Er. Competence? Decency?

…sorry, I seem to be stuck on “cynical with a side order of bitter” today.

But I thought to myself, too, maybe it would be an interesting idea to start a little thread here for those little strange things that aren’t really worth doing anything with on their own, and which are probably too minor to actually be noticed when they show up on the page, but which would nonetheless strike a visitor from here as strange:

So, here’s one:

  1. You never have to log in to anything. Between the Universal and ISOP (Interweave Security Operations Protocol), every 'weave site and device smart enough to have any brains at all (so, y’know, park benches, plant pots, that sort of thing) already knows who you are and what your personal preferences are. At most, you might have to click a button confirming that you wish to upgrade from “visitor” to “site user”.

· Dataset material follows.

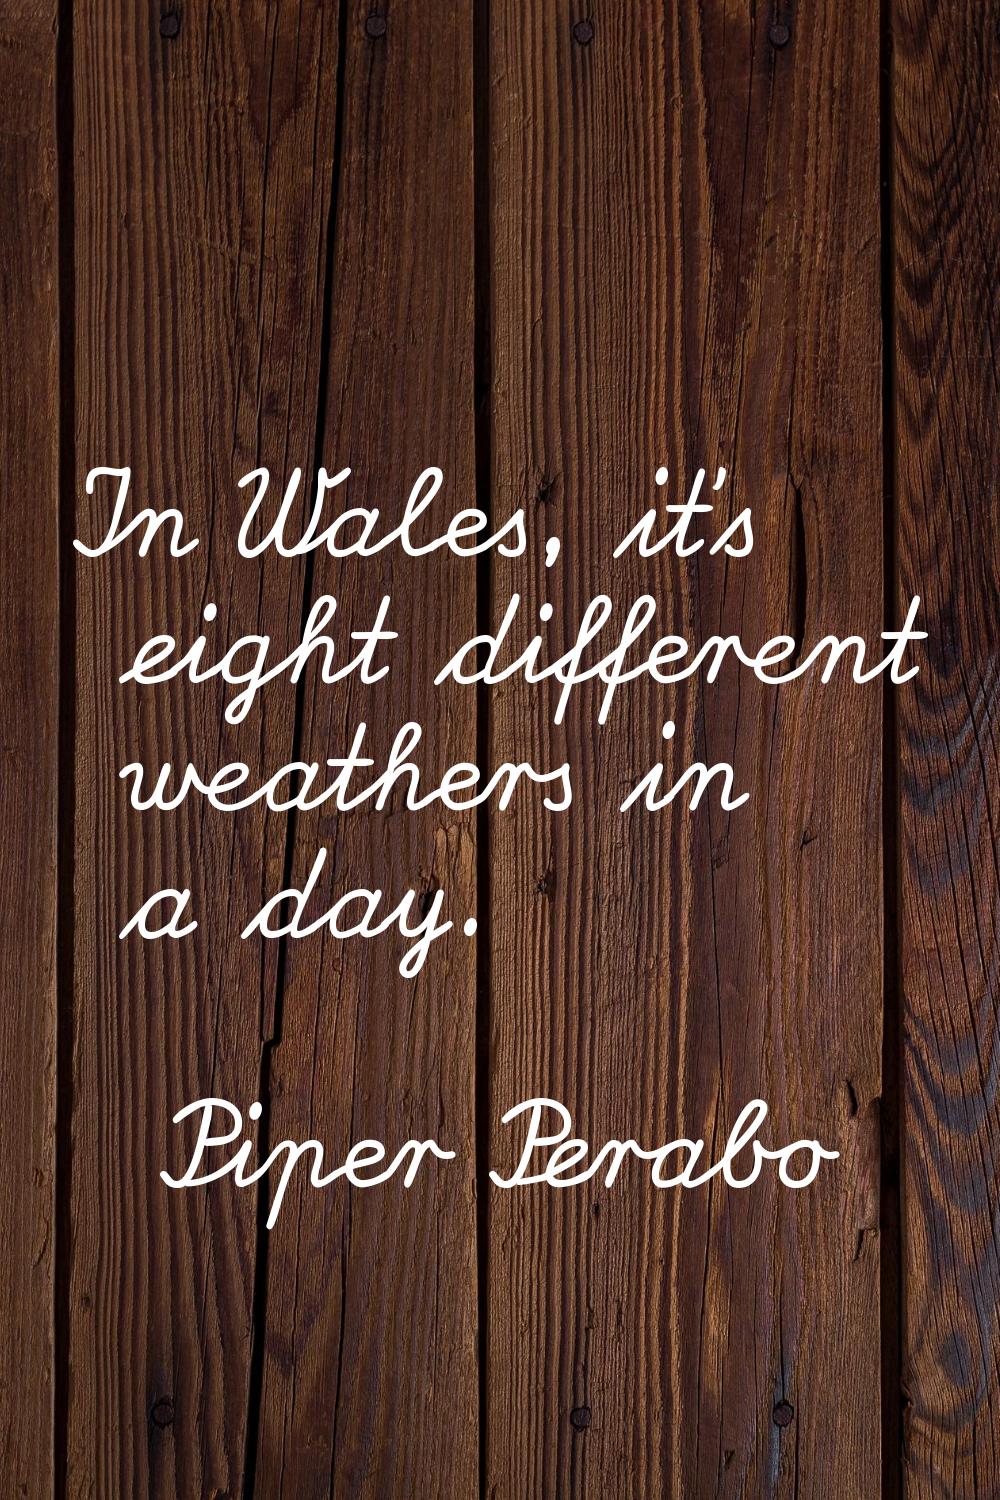 In Wales, it's eight different weathers in a day.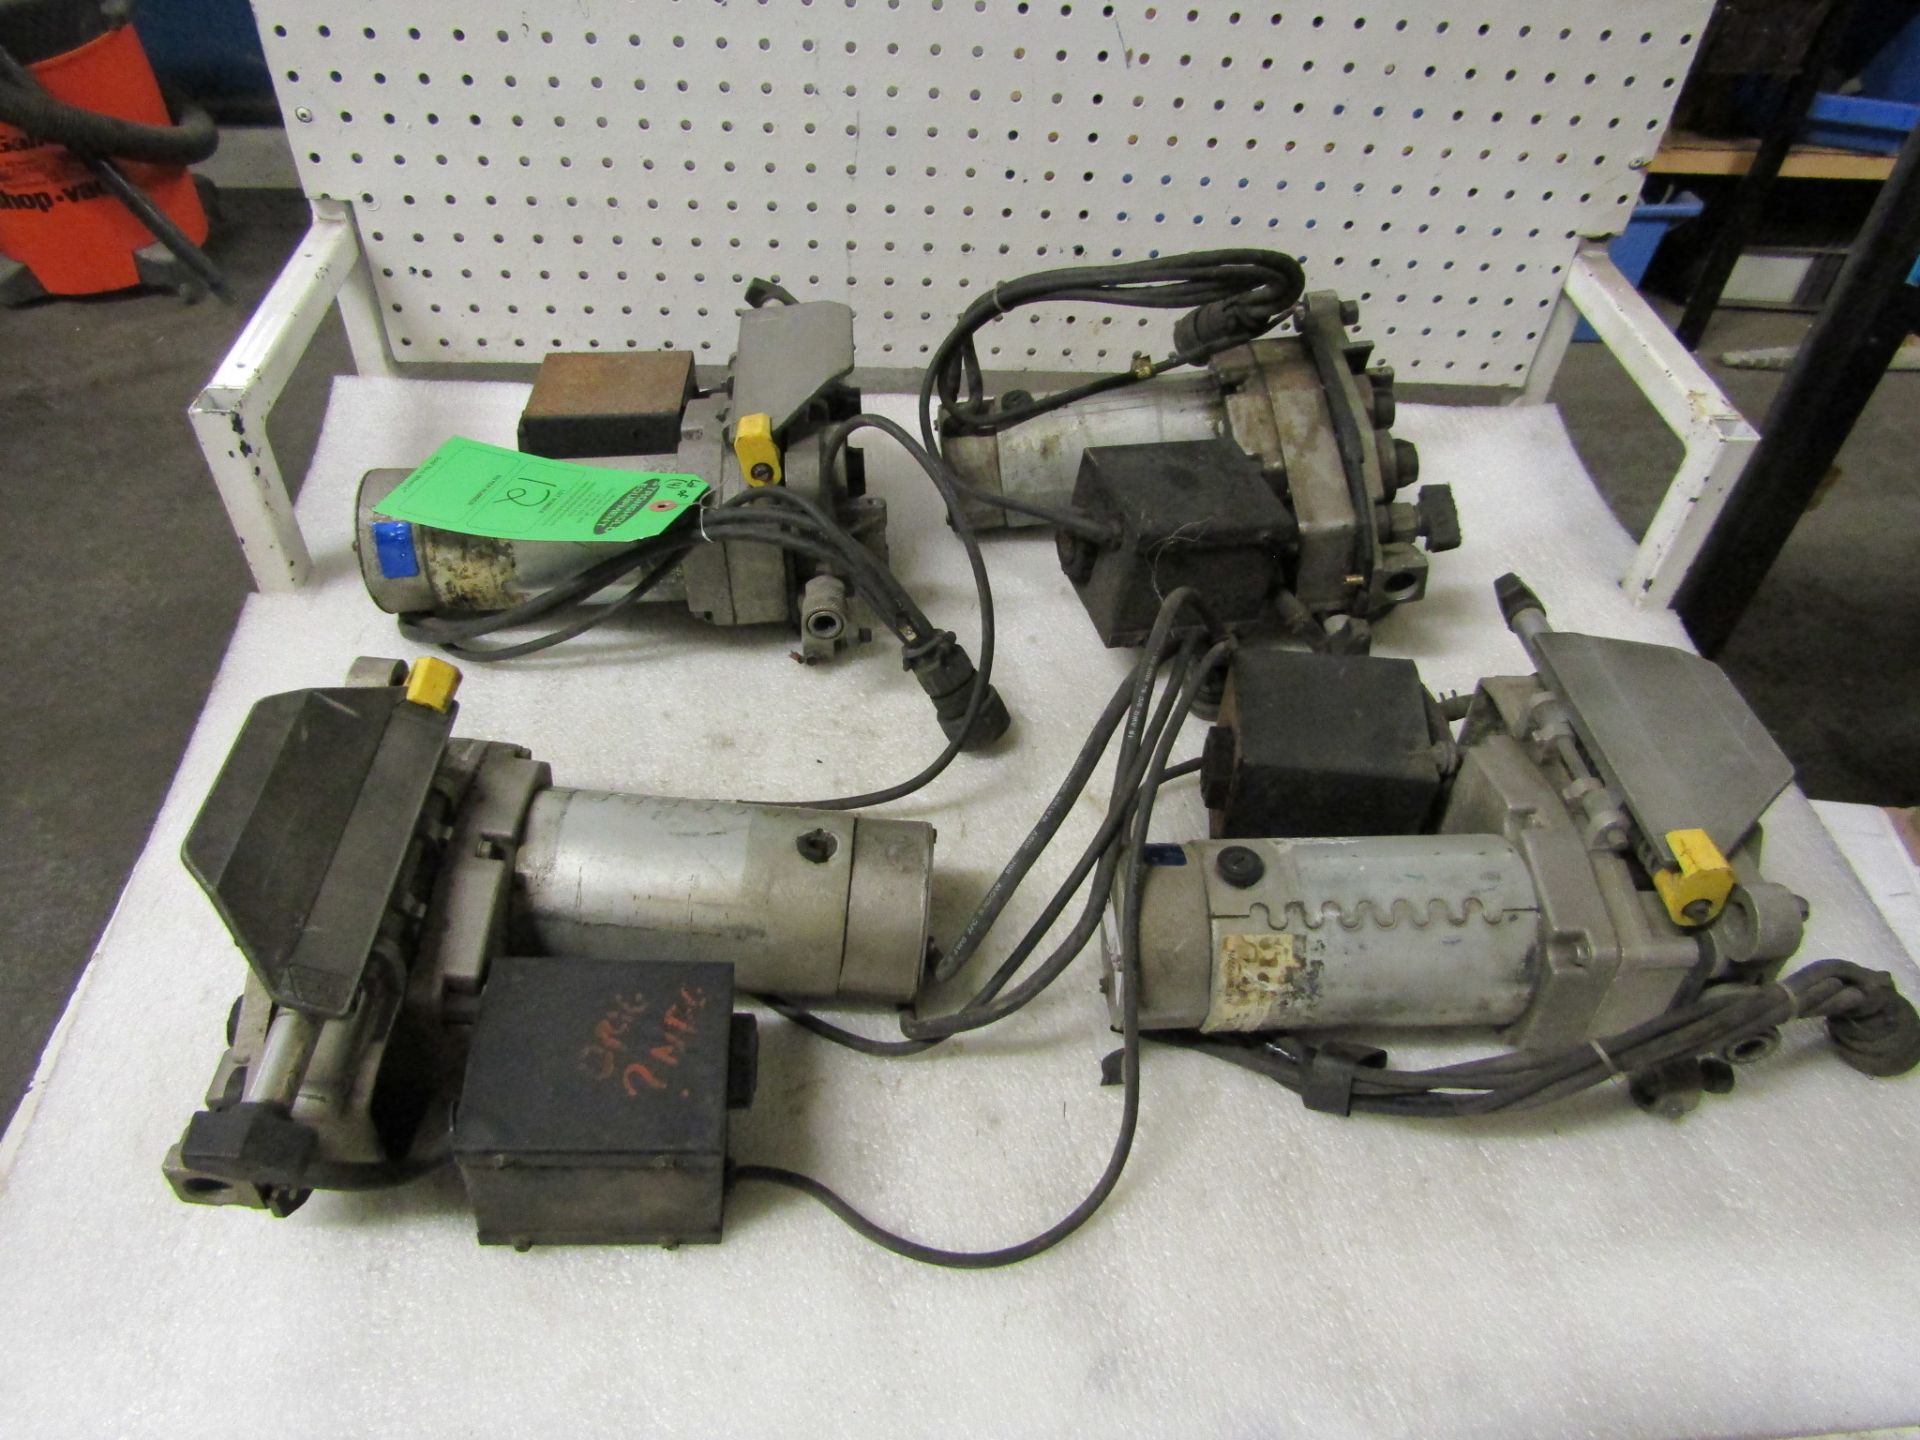 Lot of 4 (4 units) Miller 4-wheel wire feeder units

Utility spiders, y’know? Human visitors are going to have a hard time reconciling that the creepy crawlies aren’t creepy.

Also, I suspect, just how direct people in the Worlds can be, especially about issues that would be touchy here. They probably don’t even think of it as an issue.

Give em the right cute accessory shell and non-work behaviors, you’ll have people buying utility spiders as pets around here. Who wouldn’t want a cuddly pet that can fix your sinks and won’t pee on the carpet?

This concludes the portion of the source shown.